O Dualismo de Yuki - Capítulo 5
Às vezes, quando menos se esperava, a vida podia ser mais dura e difícil do que se pensava.
Algumas coisas poderiam acontecer do nada.
Uma pessoa poderia ganhar uma montanha de dinheiro, outra poderia perder toda a fortuna que tinha, em um instante.
O que importava era: A balança da vida estaria lá para julgar a todos. Nenhum ser poderia escapar quando ela decidisse que seria a sua hora de ser julgado, não importava quem você fosse.
No entanto, eu tinha sido ingênuo ao pensar que minha vez demoraria a chegar.
Talvez…
Talvez, se eu tivesse sido um pouco diferente… Se tivesse mudado minhas ações um pouco antes…
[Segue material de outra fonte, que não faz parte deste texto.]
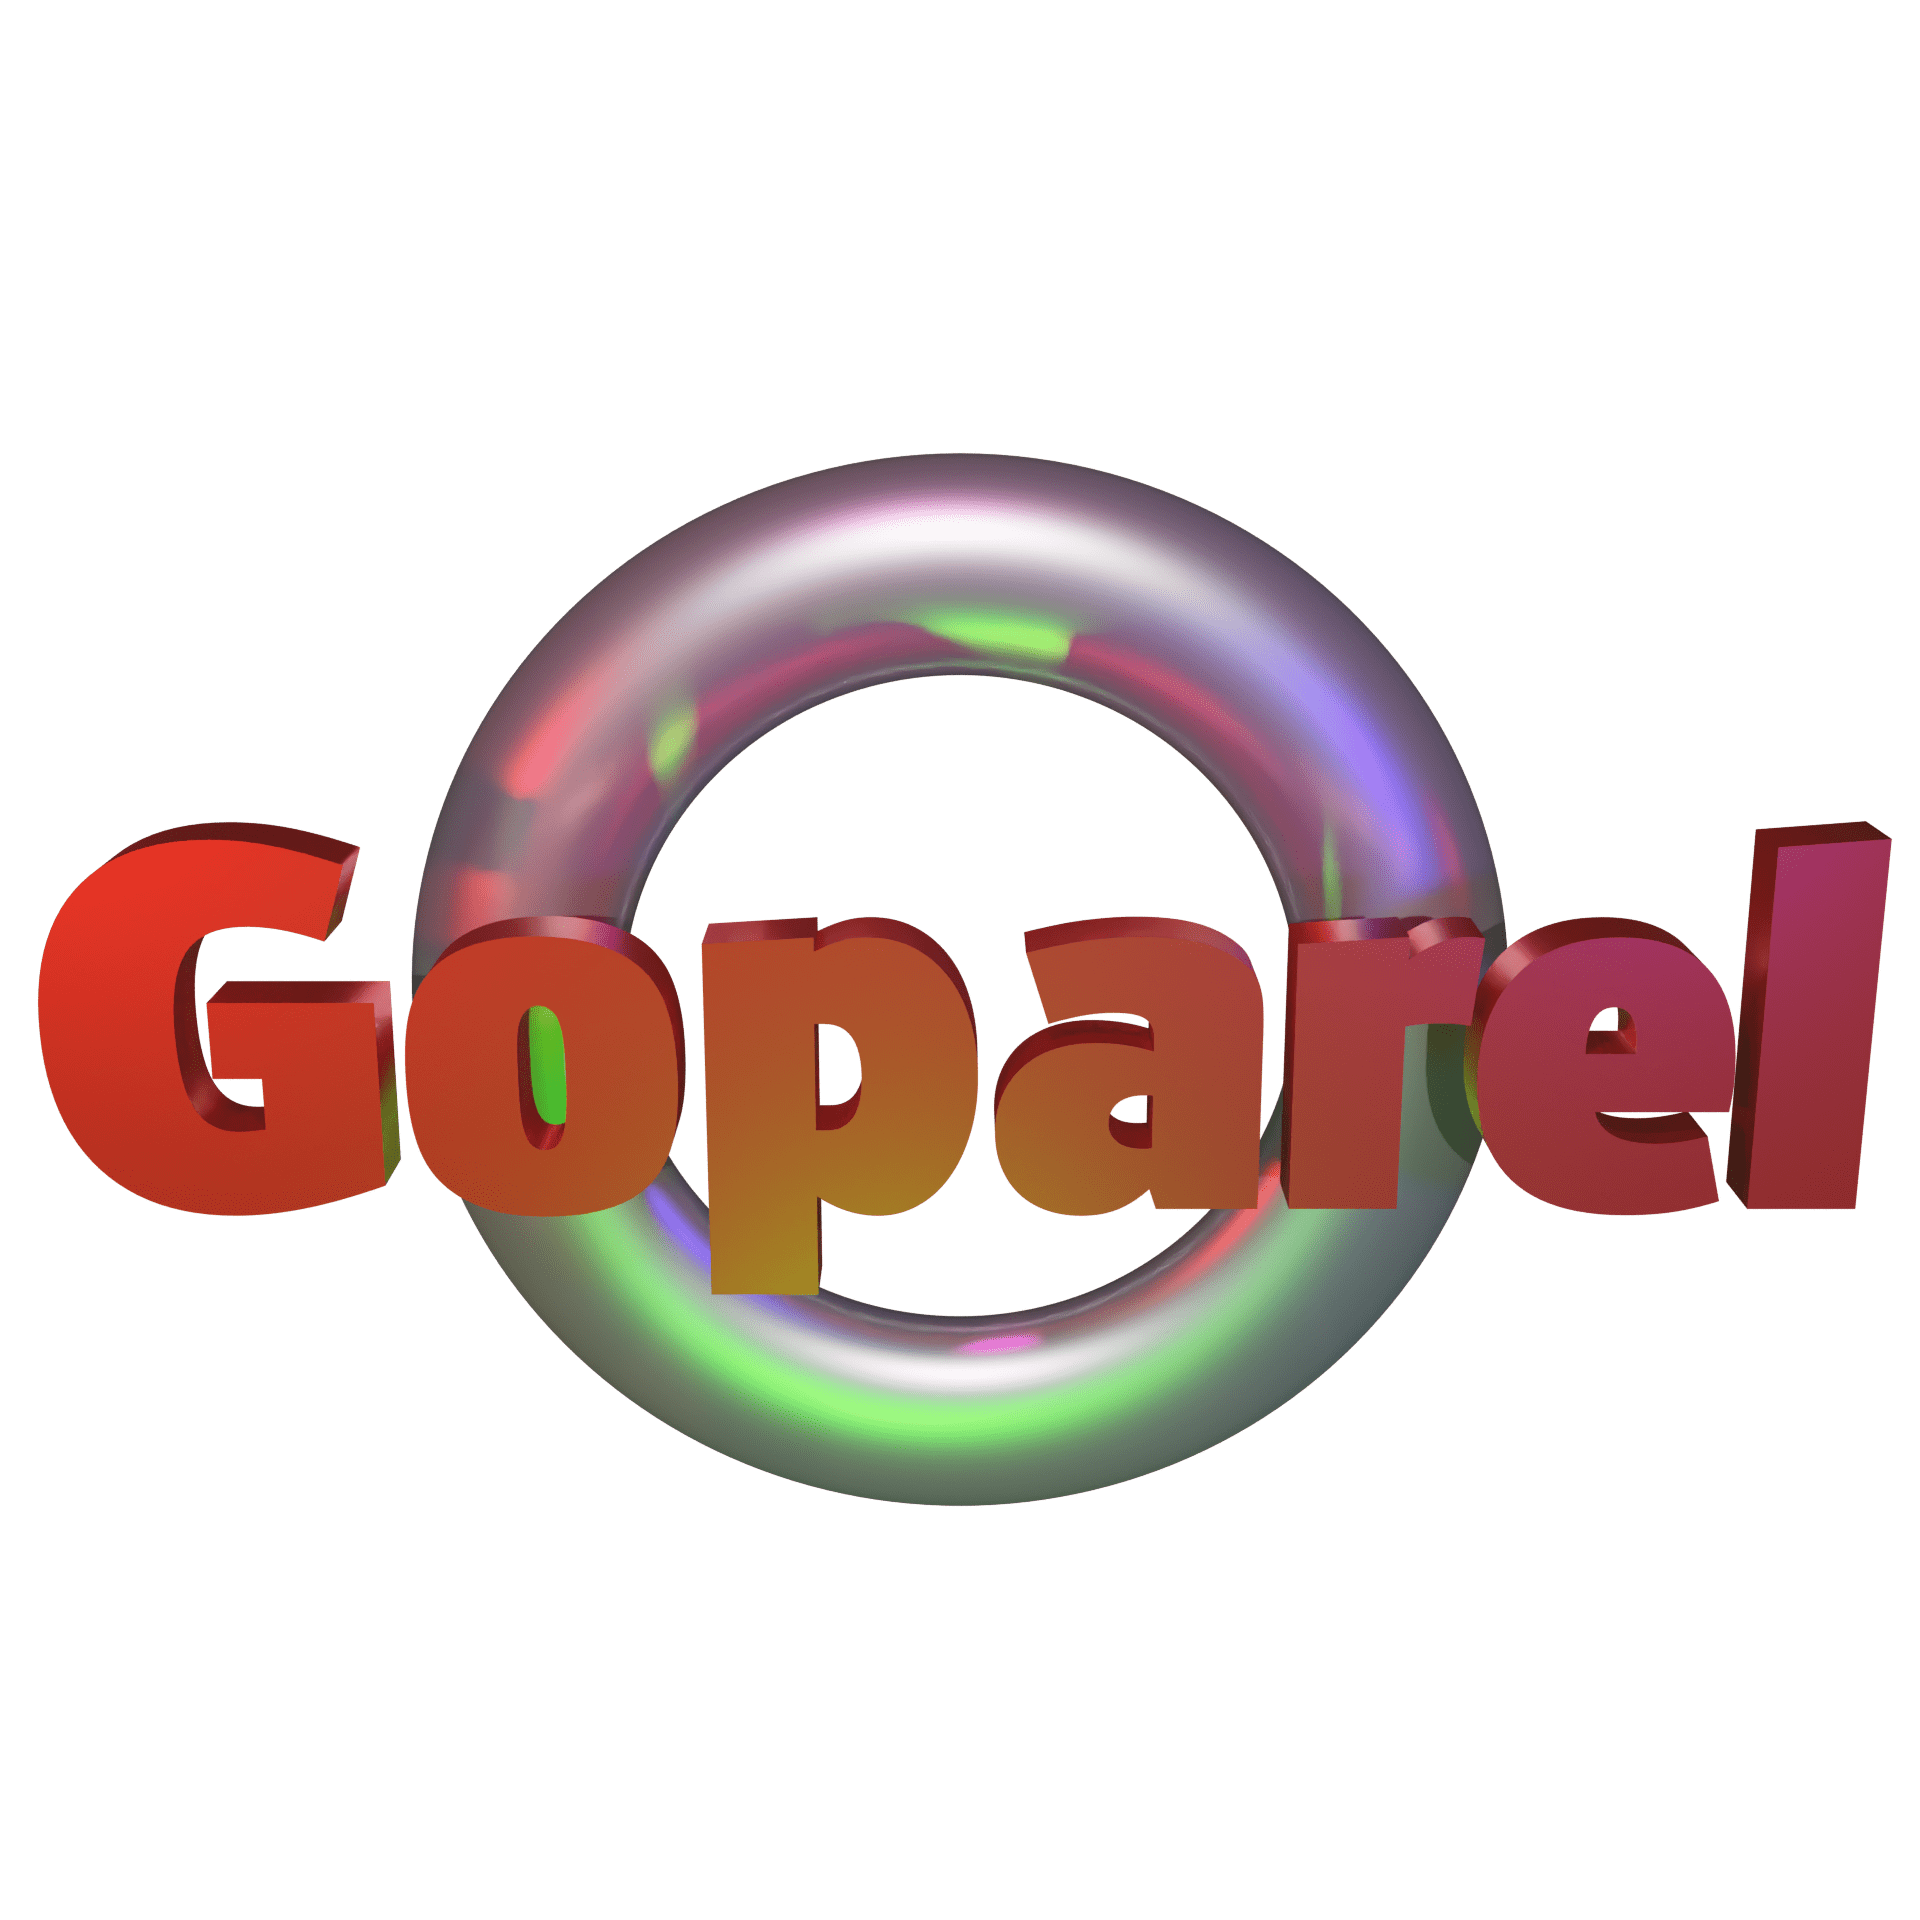 Goparel Printing

Mas não adiantava. Quando a vida decidisse que seria a sua vez, você só teria que aceitar.
O que viria após isso?
Mudança — uma fria e cruel mudança.
***
Depois de algumas horas fazendo minhas tarefas, eu finalmente tinha acabado. Ao olhar para a enorme cerca de madeira que tinha perto de mim, através de suas brechas, pude ver que o sol estava começando a sumir no vasto horizonte. Era algo em torno das 17:45.
Eu sempre fazia a mesma coisa quando eu acabava meus trabalhos: Olhava para o lado, em direção às enormes madeiras que cercavam a área de plantio, e observava o sol descendo.
Para além da cerca só existia verde, mais verde e um pouco de um tom amarelado bem longe. Eu estava no extremo sul da cidade, afinal. A coisa mais “próxima” — que era, inclusive, o ponto amarelo no fundo — era a enorme floresta onde havia vários monstros de mana. Mas até mesmo ela ficava a no mínimo 20 km de distância.
Sobre ficar observando o sol se pôr… Era como uma rotina, se assim pudesse dizer.
Eu estava exausto, meus braços não aguentavam mais realizar os movimentos repetidos que eu tinha que fazer.
Fazia alguns poucos minutos desde que o sinal de fim de expediente tinha tocado.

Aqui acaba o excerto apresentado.